*** SUPPLIED RECORDS

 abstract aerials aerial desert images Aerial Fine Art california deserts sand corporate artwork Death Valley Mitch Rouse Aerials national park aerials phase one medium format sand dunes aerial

******
*** SUPPLIED RECORDS

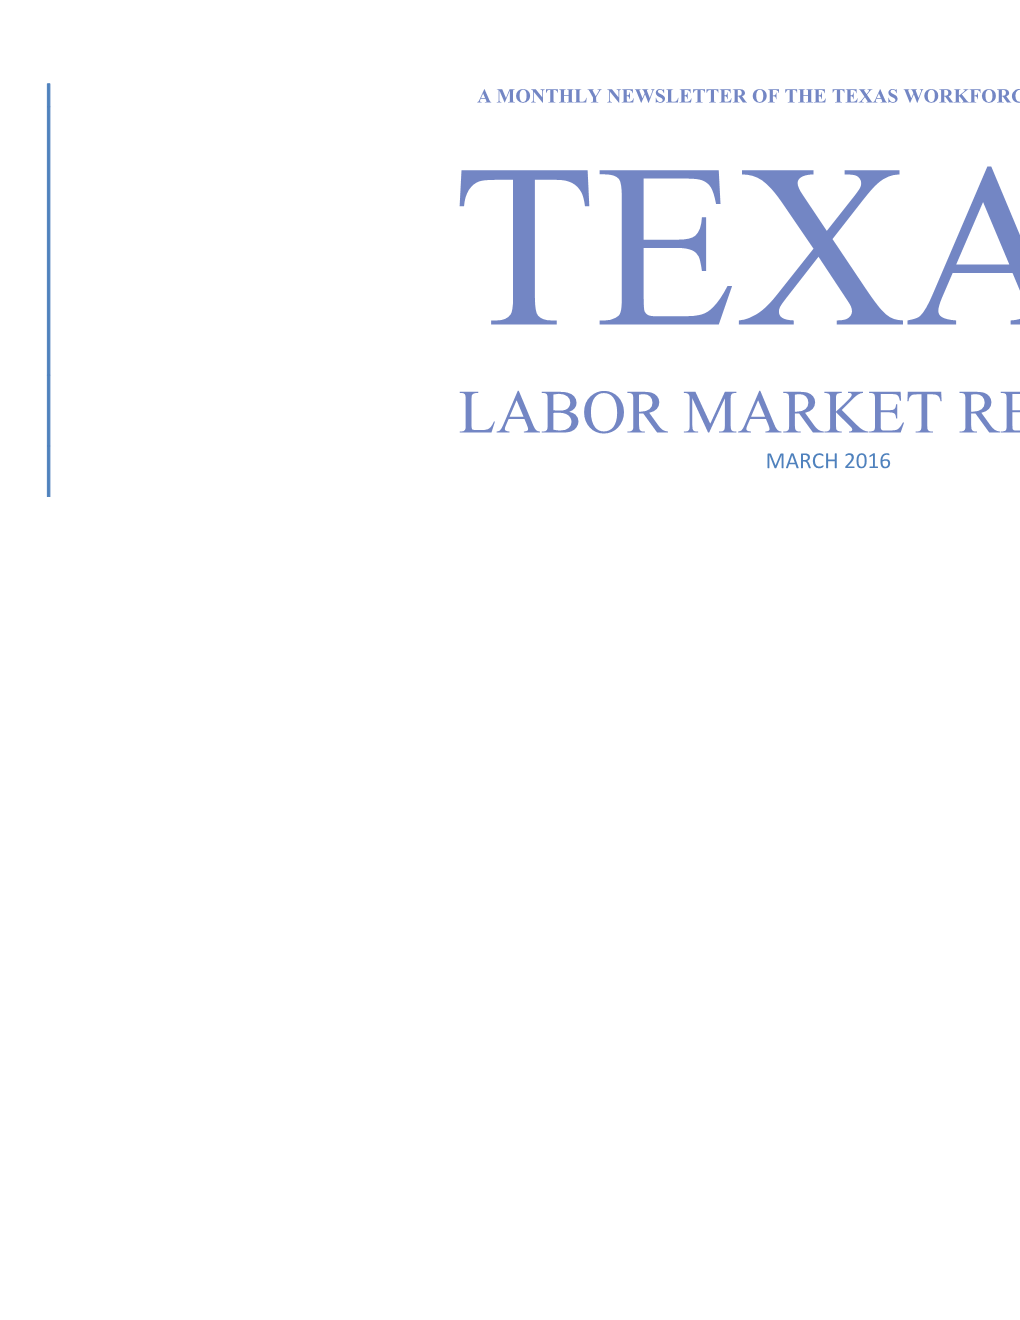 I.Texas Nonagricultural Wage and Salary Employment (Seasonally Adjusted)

******
*** SUPPLIED RECORDS

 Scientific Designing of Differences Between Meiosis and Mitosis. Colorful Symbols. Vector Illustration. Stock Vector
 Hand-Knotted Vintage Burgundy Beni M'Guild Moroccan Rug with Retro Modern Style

******

■ **WHAT IS NEEDED**: Please transcribe exactly the lines above from the line that has "Scientific Designing of" up to and including the line that has "Hand-Knotted Vintage Burgundy"; no other line belongs in the answer.

■ **THE COMPLETED TASK**:
 Scientific Designing of Differences Between Meiosis and Mitosis. Colorful Symbols. Vector Illustration. Stock Vector
 Hand-Knotted Vintage Burgundy Beni M'Guild Moroccan Rug with Retro Modern Style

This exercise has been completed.